6. [Contributing](#Contributing)

7. [Issues and Inquiries](#Issues-and-Inquiries)

## Overview

**This solution is currently in beta stage with limited support**

The A10 Networks Octavia Driver allows for configuration of Thunder, vThunder, and AX Series Appliances deployed in
an Openstack enviroment. While the default Octavia provider leverages an "Amphora per VIP" architecture,
this provider driver uses a "Thunder per Tenant" architecture. Therefore, each tenant may only be serviced by a single
**active** Thunder device.

## System Requirements 

Openstack Controller Node Minimum Requirements
* Memory: 8GB
* Disk: 20GB 
* OS: Ubuntu 18.04 or later
* OpenStack (Nova, Neutron, Etc): Stein Release
* Octavia version: >=4.1.1, <5.0.0.0rc1 (Stein versions)

Openstack Compute Node Minimum Requirements
* vCPUs: 8
* Memory: 16GB
* Disk: 40GB
* OS: Ubuntu 18.04 or later
* Openstack (Nova, Neutron, Etc): Stein Release

ACOS Device Requirements
* ACOS version: ACOS 4.1.4 GR1 P2
* AXAPI version: 3.0

## Installation

This guide assumes that Openstack has already been deployed and Octavia has already been configured.

*Note: The following configurations should be done as an Openstack admin user*

### Install from PyPi

```shell
$ pip install a10-octavia
```

## Setup And Configuration

### 1. Enable A10 provider driver in Octavia config file
Add the following to `/etc/octavia/octavia.conf` under the `api-settings` section

```shell
enabled_provider_drivers = a10: 'The A10 Octavia driver.'

default_provider_driver = a10
```

### 2. Restart Openstack Octavia services
Use `systemctl` or similar a command to restart the Octavia API service. 

### 3a. For use with vThunders

#### 3aa. Upload vThunder image and create a nova flavor for amphorae devices

Upload a vThunder image (QCOW2) and create a nova flavor with the required resources.

Recommended vThunder flavor settings:
* 8 vCPUs
* 8GB RAM
* 30GB disk

```shell
$ openstack image create --disk-format qcow2 --container-format bare --public --file vThunder414.qcow2 vThunder.qcow2
$ openstack flavor create --vcpu 8 --ram 8196 --disk 30 vThunder_flavor
```

Note down the `image ID` and `flavor ID` of created resources.
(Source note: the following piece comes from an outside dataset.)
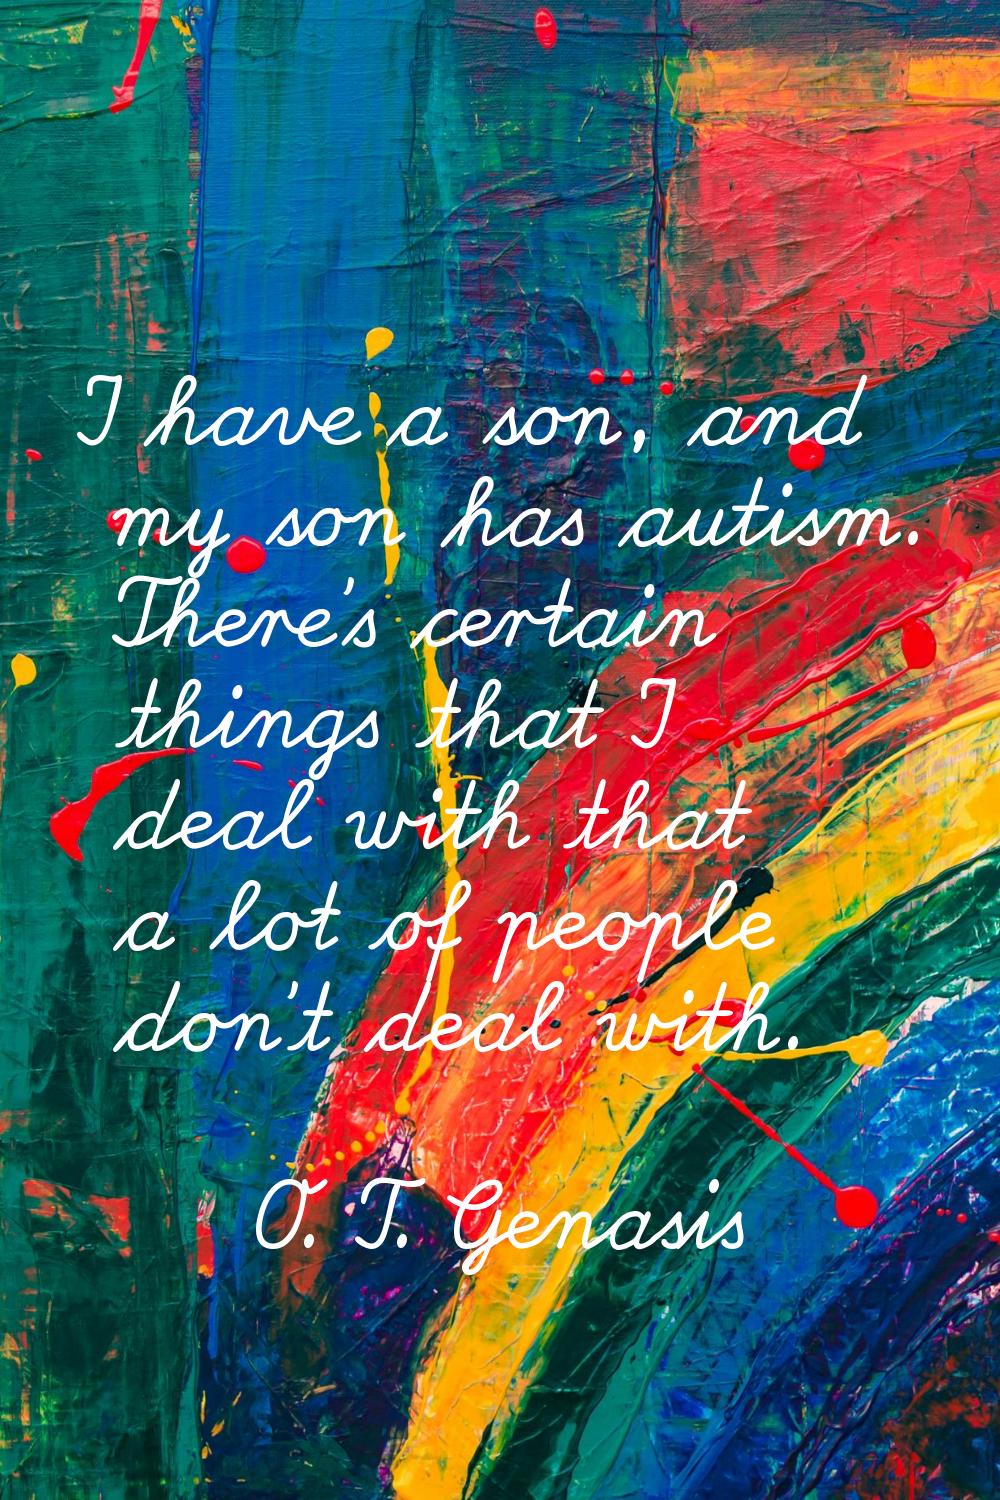 I have a son, and my son has autism. There's certain things that I deal with that a lot of people d
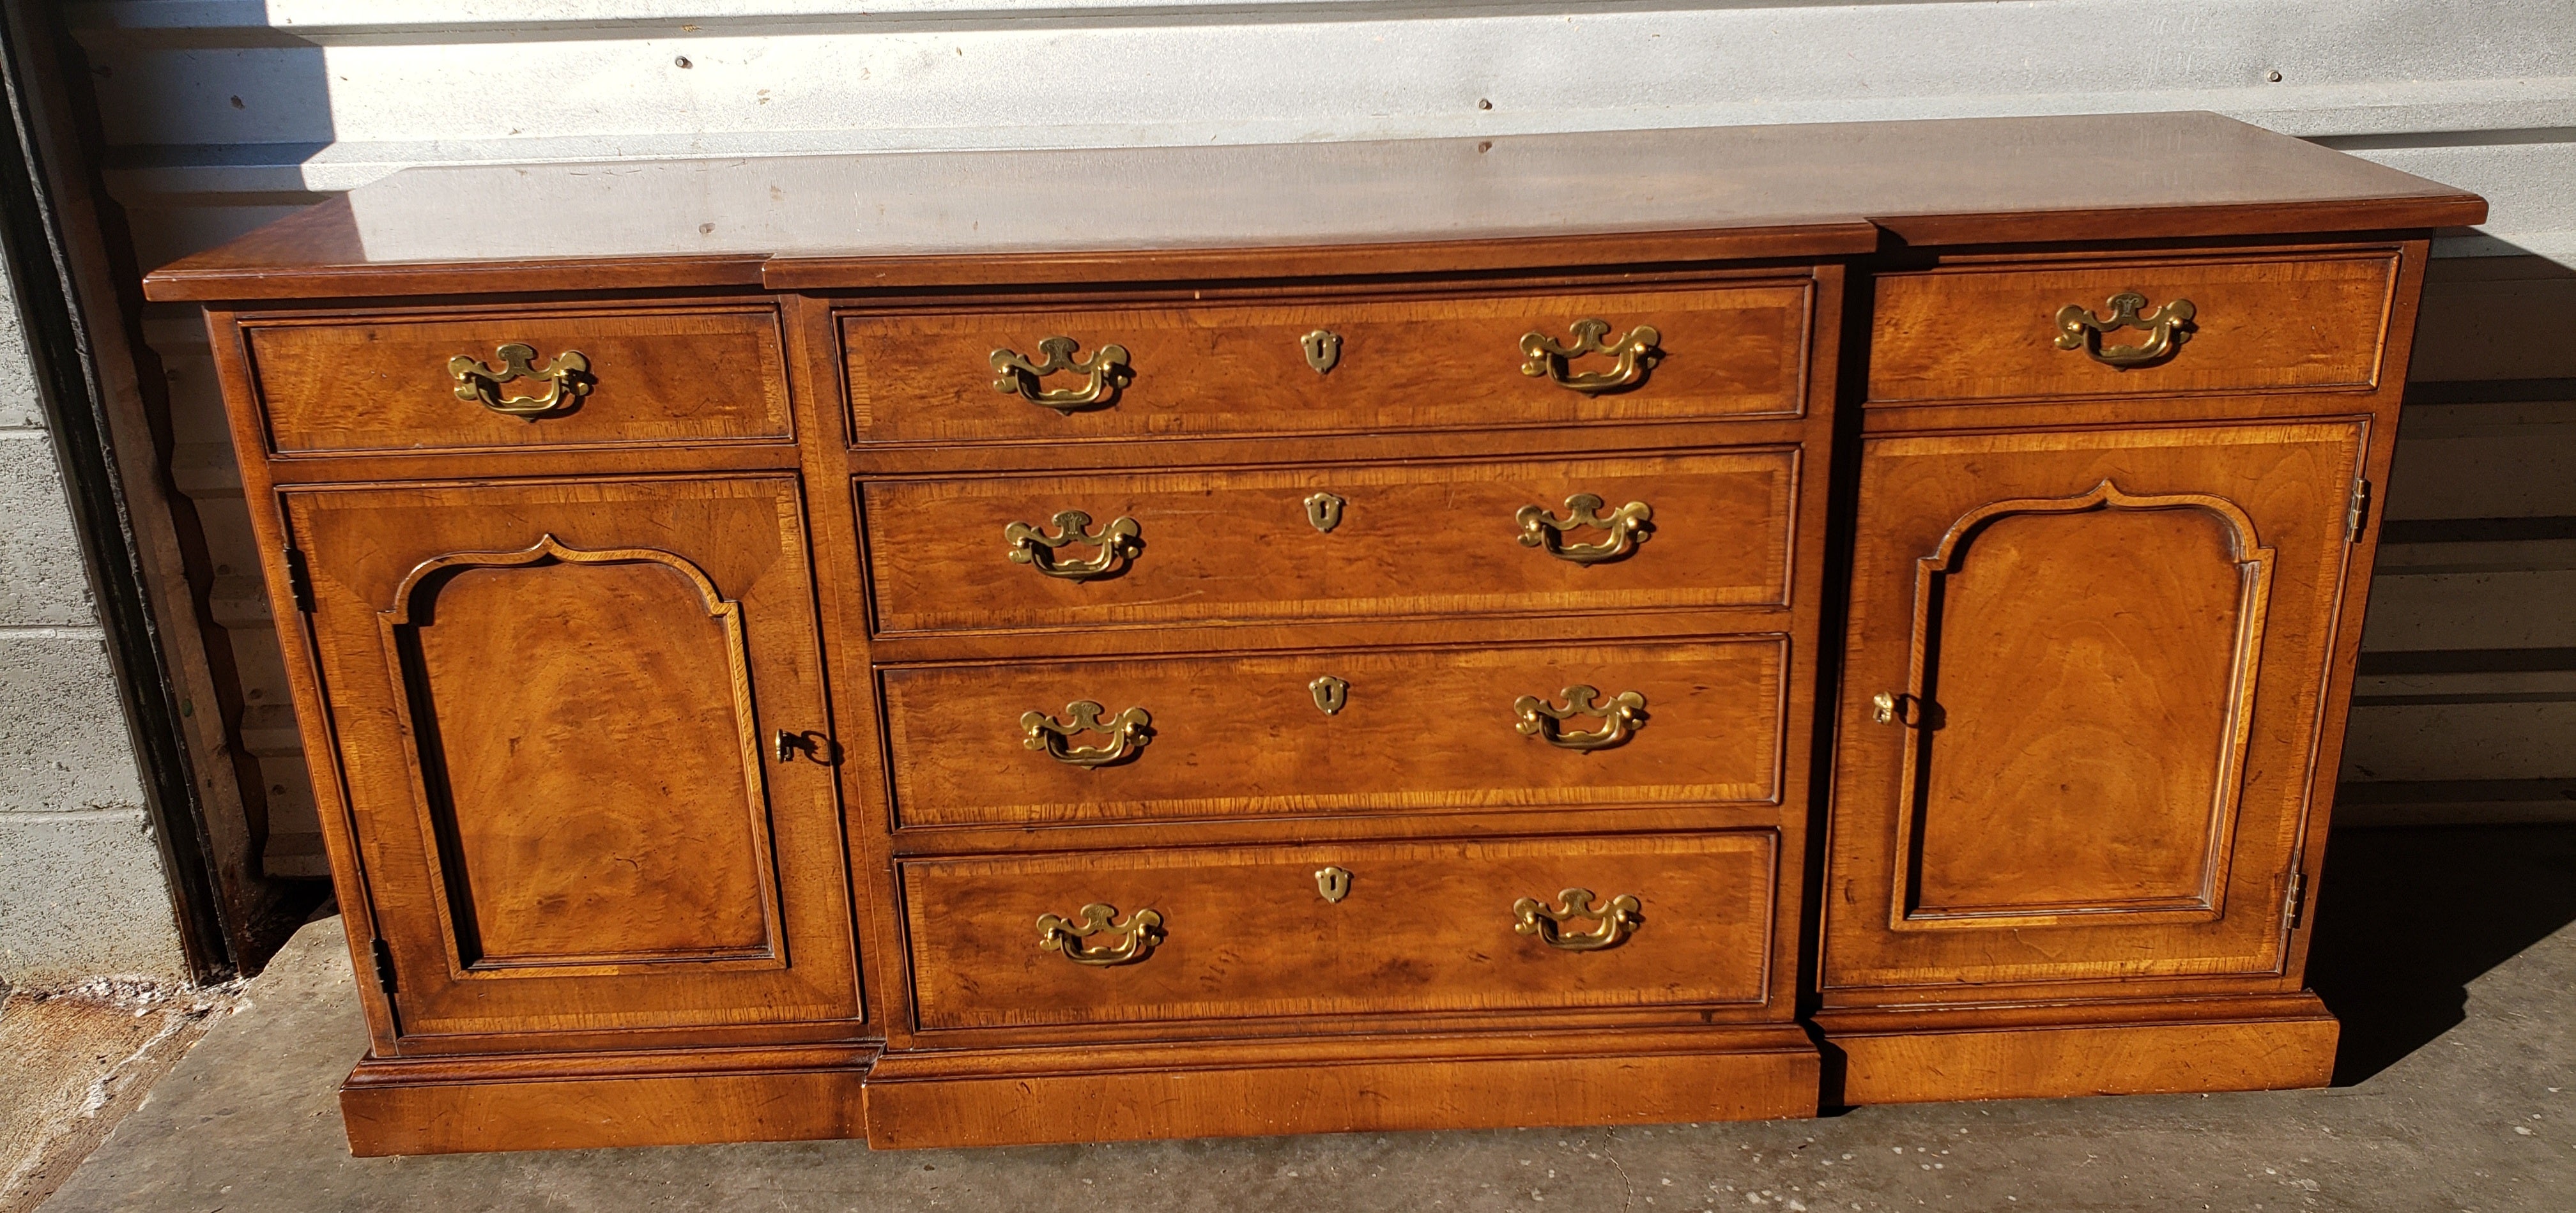 Henredon's 18th Century Portfolio Banded Burl Walnut Credenza Buffet In Good Condition For Sale In Germantown, MD

*Please contact support@a10networks.com for questions on acquiring and licensing vThunder images*

#### 3ab. Create the a10-octavia.conf file
```shell
$ mkdir /etc/a10
$ touch /etc/a10/a10-octavia.conf
```

*Note: Make sure the user running the Octavia service has access to these files* 

#### 3ac. Sample a10-octavia.conf for vThunders
```shell
[VTHUNDER]
DEFAULT_VTHUNDER_USERNAME = "admin"
DEFAULT_VTHUNDER_PASSWORD = "a10"
DEFAULT_AXAPI_VERSION = "30"

[a10_controller_worker]
amp_image_owner_id = <admin_project_id>
amp_secgroup_list = <security_group_to_apply>
amp_flavor_id = <vthunder_flavor_id>
amp_boot_network_list = <netword_id_to_boot_vthunder_in_admin_project>
amp_ssh_key_name = <ssh_key_for_amphorae>
network_driver = a10_octavia_neutron_driver
workers = 2
amp_active_retries = 100
amp_active_wait_sec = 2
amp_image_id = <vthunder_image_id>
loadbalancer_topology = <SINGLE or ACTIVE_STANDBY>

[a10_health_manager]
udp_server_ip_address = <server_ip_address_for_health_monitor>
bind_port = 5550
bind_ip = <controller_ip_configured_to_listen_for_udp_health_packets>
heartbeat_interval = 5
heartbeat_key = insecure
heartbeat_timeout = 90
health_check_interval = 3
failover_timeout = 600
health_check_timeout = 3
health_check_max_retries = 5

[a10_house_keeping]
load_balancer_expiry_age = 3600
amphorae_expiry_age = 3600
```

Full list of options can be found here: [Config Options Module](https://github.com/a10networks/a10-octavia/blob/master/a10_octavia/common/config_options.py)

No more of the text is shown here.